В Свердловск приехала Юля, автор боевика, который читали в английском замке. Леня пригласил писательницу на домашний обед, а сам “не смог вырваться”. Маша помогла мне уставить стол всяческой снедью и попыталась улизнуть, но я не дала:
— Ты не каждый день видишь популярную писательницу. Зайди-ка в книжный: у нее там целая полка!
Юля пришла одетая, как обычно: джинсы, футболка, бусы, очки. Попросила подушку. Я принесла из спальни свою, в свежей наволочке, она бросила ее на диван, уселась сверху, взяла ложку, придвинула плошку с икрой и стала рассказывать про взаимозачеты…
155
Я видела в журнале “Урал” чмутовские стихи и анонс его прозы.
Говорят, он решил стать грузинским поэтом и изучает грузинский язык.
Еще говорят, что он покупает марихуану, марихуану ему продает один философ. У философа-поставщика есть собака. Осенью философиня Эльвира растерянно наблюдала, как на углу двух центральных улиц, рядом с редакцией журнала “Урал”, писатель Чмутов вылизывал с асфальта густую мочу. Мочу в изобилии поставлял засидевшийся дома пудель. Пудель поставщика.
Весной на том же углу я заметила Чмутова, и попросила Толика остановить машину. Я вела наблюдение из окна, как агент. Чмутов шел с двумя девушками, одна в красной юбке, другая в красных чулках — в середине апреля вдруг расщедрилось солнце. Он был в полицайской шапочке, в длинном пальто, шел с краю и чуть впереди, держал шею прямо, слегка склонив голову и по диагонали повесив нос. Он поглядывал на обеих спутниц, учтиво улыбался, щурился на солнце и сдержанно что-то рассказывал. Мне показалось, он выглядит, как при нашем знакомстве в школе Пьюбиса: человек, умеющий обращаться с дамой в пиджаке, входящий в новые отношения, еще не испорченные дружбой…
Дома я позвонила Майорову:
— Послушай, я видела нашего полуденди с двумя девушками.
— Я узнаю, кто эти барышни! — возбудился Майоров, на Майорова тоже влияло солнце. — Опиши-ка их поподробней, я совру, что это я проезжал…
Через полчаса он доложил:
— Ничего интересного, это старые его знакомые. У одной ноги кривые, другая грузинка. Ты же знаешь, что он теперь грузинский поэт? Мы обсудили, почему по весне меня так к барышням тянет. И про тебя говорили. Он спросил, что ты пишешь и хорошо ли ты пишешь. Я сказал: “Хорошо, очень хорошо”, он заворчал: “Как — хорошо? Хорошо, как Пушкин?” — Я говорю: “Нет, хорошо, как Фолкнер”. Он растерялся, даже рассердился: “Ну, Фолкнер-то круче Пушкина”.
Мне надоел мой персонаж… Я прошу Майорова послушать незаконченный текст. Майоров удобный слушатель, он может слушать хоть весь световой день: он зажимает плечом телефонную трубку и рисует, работает. Мы уложились в четыре часа.
— Ирин, я понял: два писателя — это ты и ты!
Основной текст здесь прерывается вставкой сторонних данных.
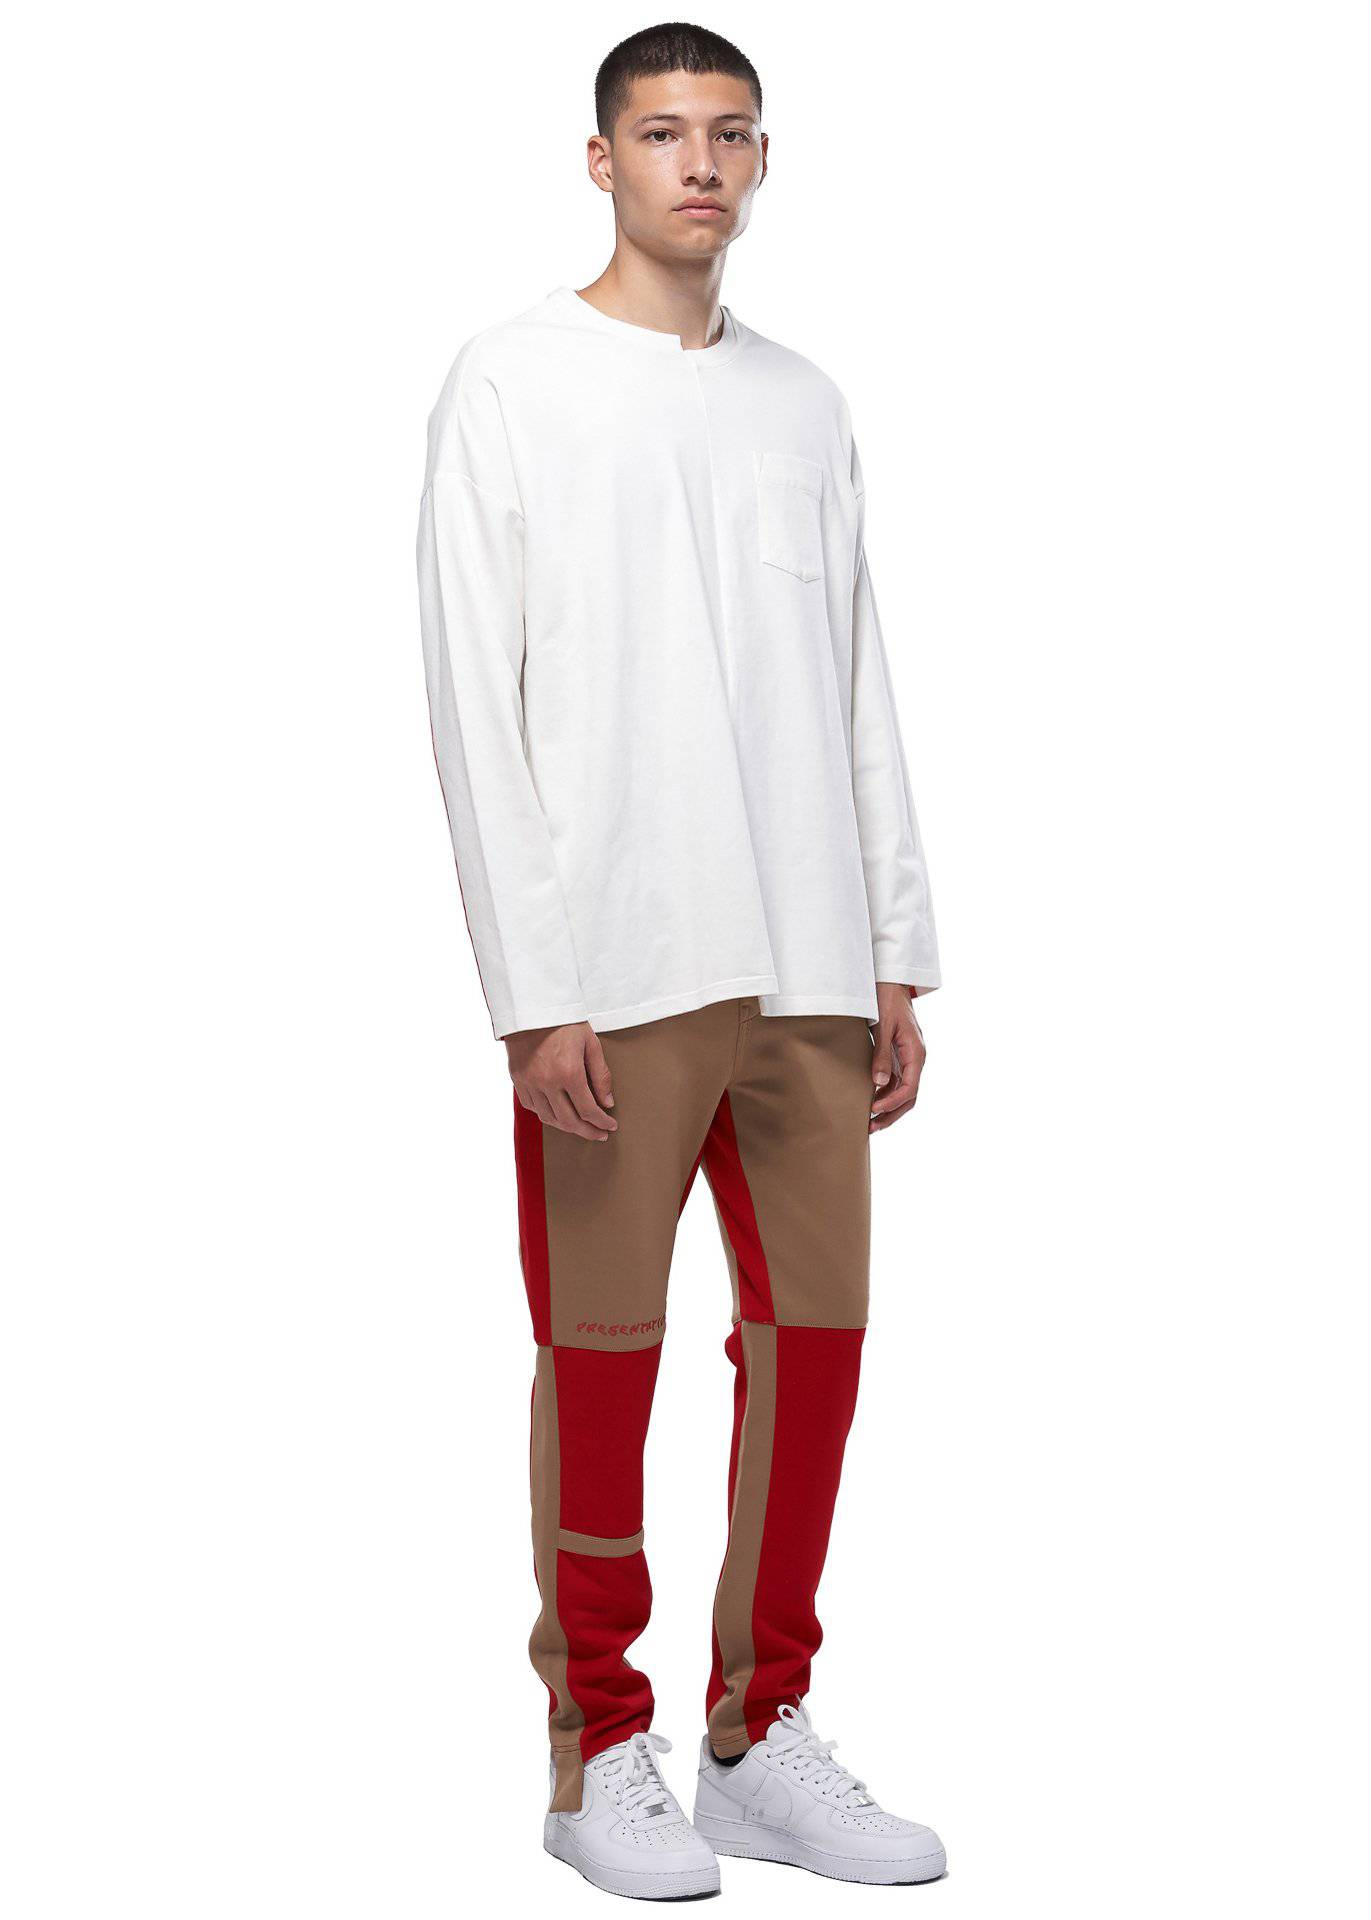 Konus Men's Unbalanced Hem Long Sleeve Tee in White by Shop at Konus

Как человек, который живет свою жизнь и пишет о ней.
156
Я готовлюсь к лекции. Читаю статью академика В.И. Арнольда: “Роль доказательств в математике подобна роли орфографии или даже каллиграфии в поэзии”. Мне становится весело.
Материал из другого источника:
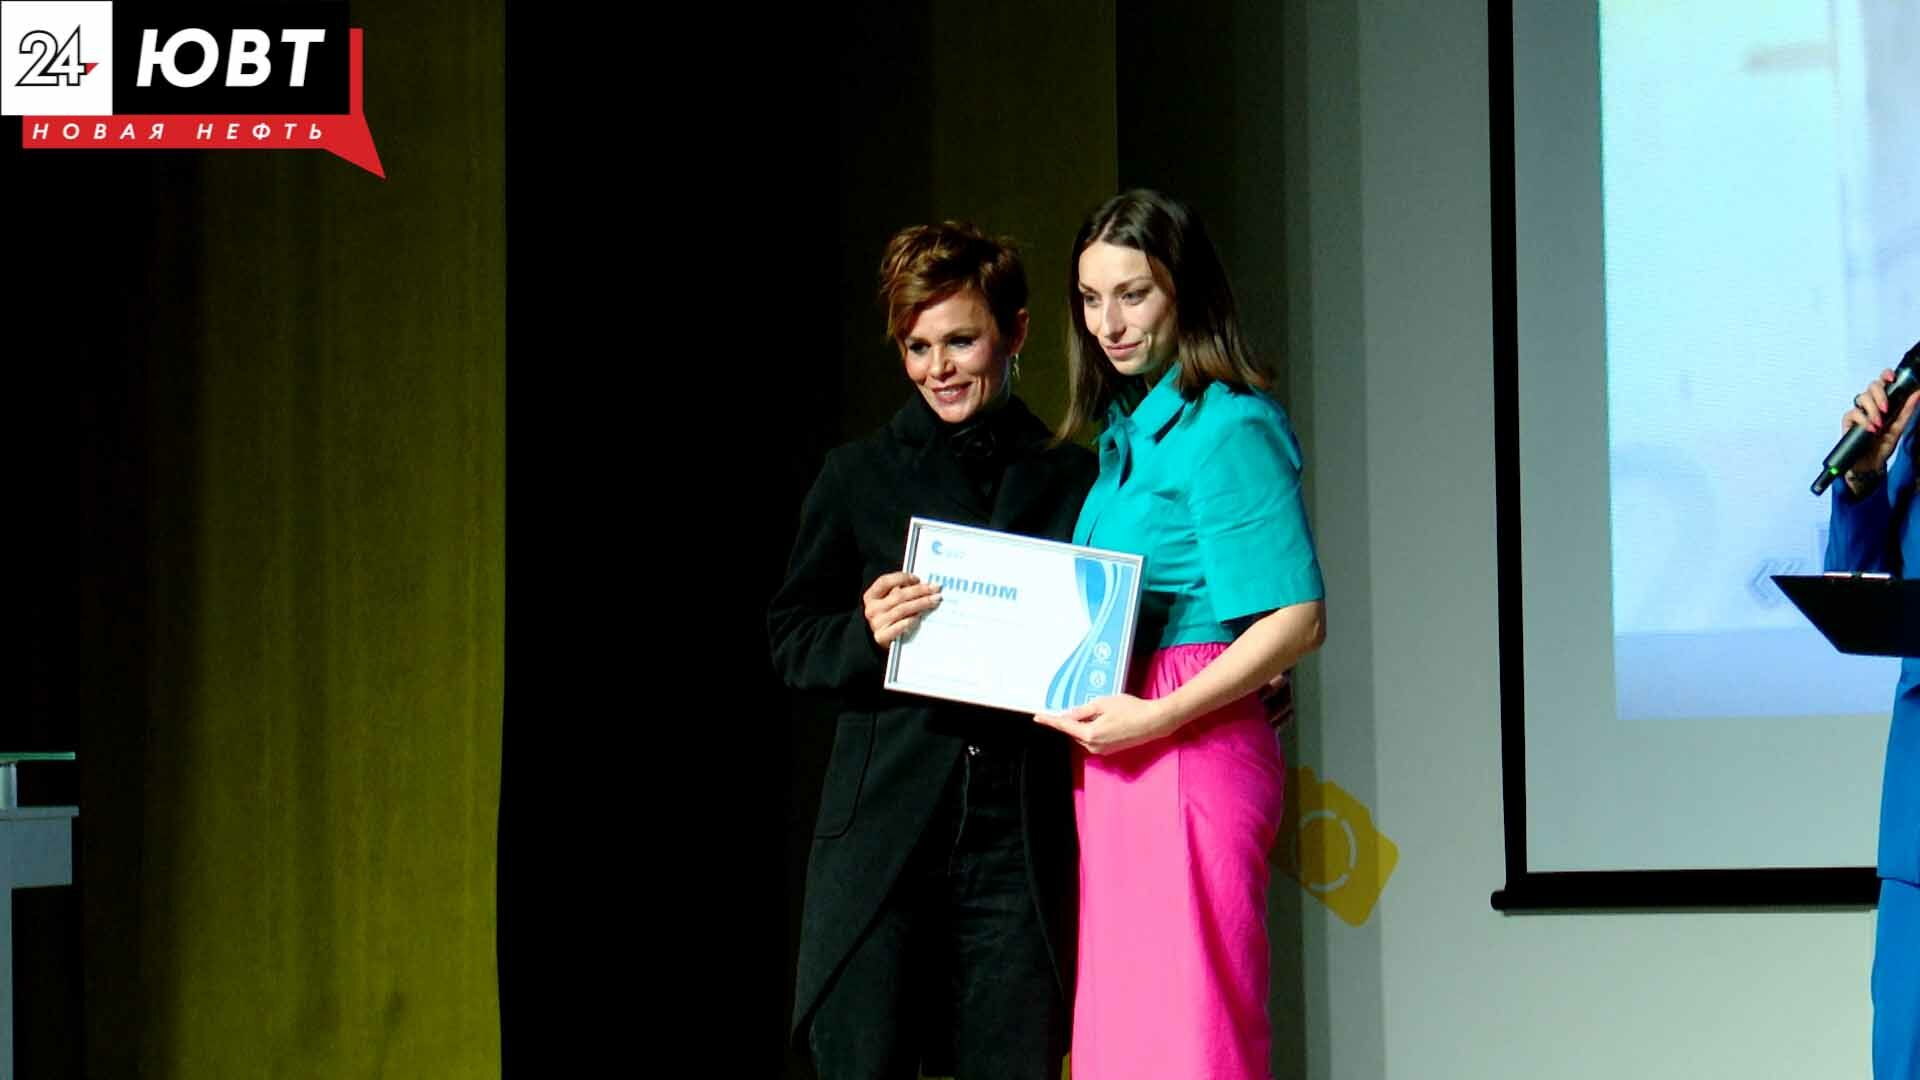 ЮВТ-24 взял награду в главной номинации фестиваля «Камский бриз»

— Леня, не спишь? Гошка так ничему и не научил Арнольда! Арнольд считает, что для поэзии важна каллиграфия. Помнишь, он предпочел тебя Кушнеру и Мандельштаму? Он не видел твой почерк! Гоша так аккуратно печатал…
Леня поворачивается:
— Я все помню. Разве кто-то позаботится о моих стихах так, как Гоша?
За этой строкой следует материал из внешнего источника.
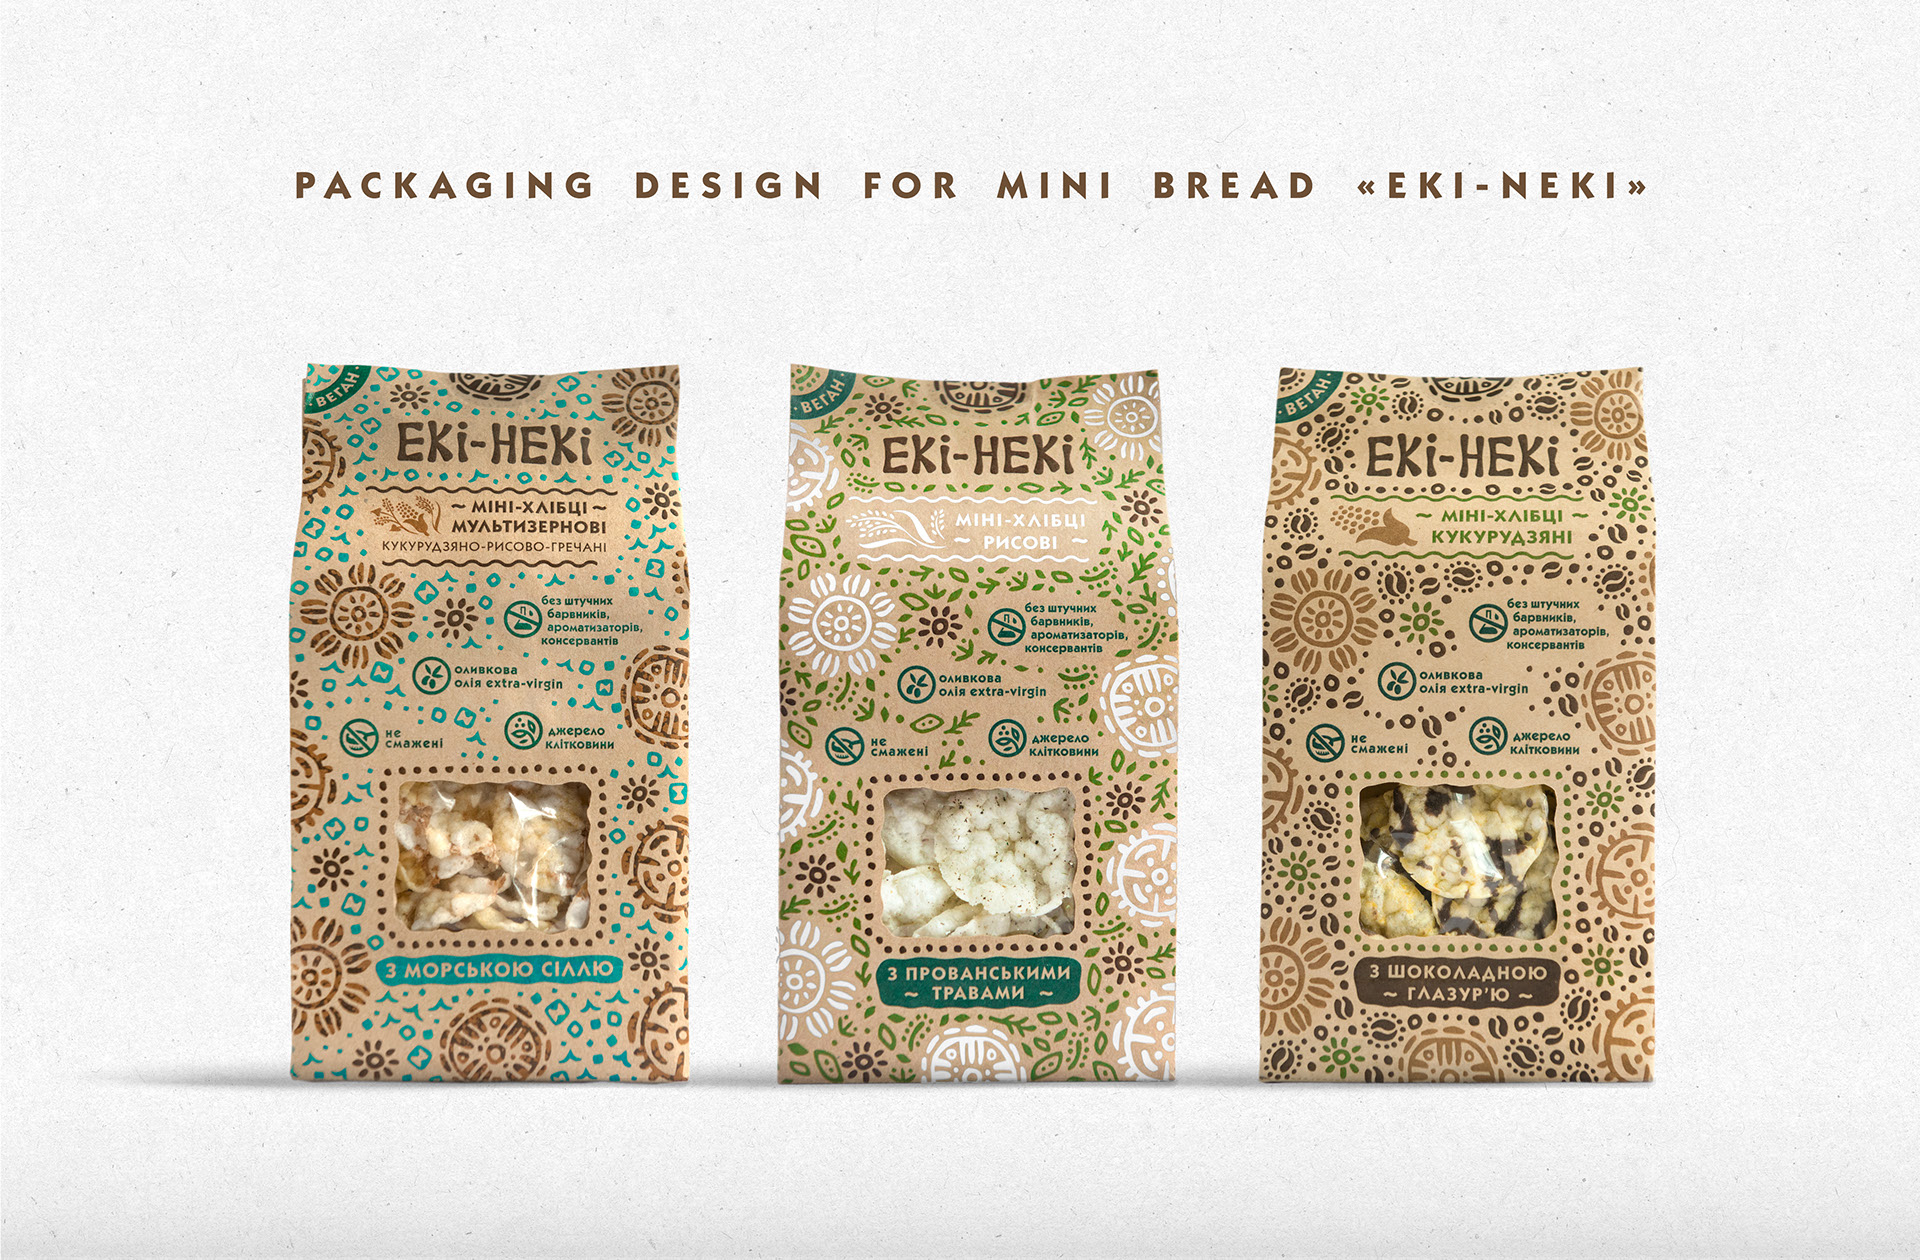 Packaging design for healthy snack Eki-neki

Леня готовит новый сборник. На этот раз я набираю стихи сама, почти не вникая в смысл, как когда-то в аспирантуре переписывала “Антологию русской поэзии”. Я стараюсь печатать как можно быстрее, но постепенно стихи увлекают меня, как лодку в половодье. Я отрываюсь от берега, уплываю, ложусь часа в три и говорю спящему мужу:
— Леня, ты такой хороший поэт!
Не рассчитываю, что он услышит, но он вмиг просыпается:
— Что ты сказала?
— Ты очень хороший поэт. Это стихотворение “Предзимье”…
В тот же миг он сгребает меня в охапку, переворачивает… Боже, какая страсть… Это страшнее брачной ночи. Он возвышается надо мною, как сфинкс. Сфинкс, сгорающий от нетерпения. Сфинкс в ночи. От счастья я начинаю хихикать.
— Что с тобой?
— Может, два писателя — это мы? Послушай, я придумала фразу:
Они жили долго и счастливо и кончили в один день.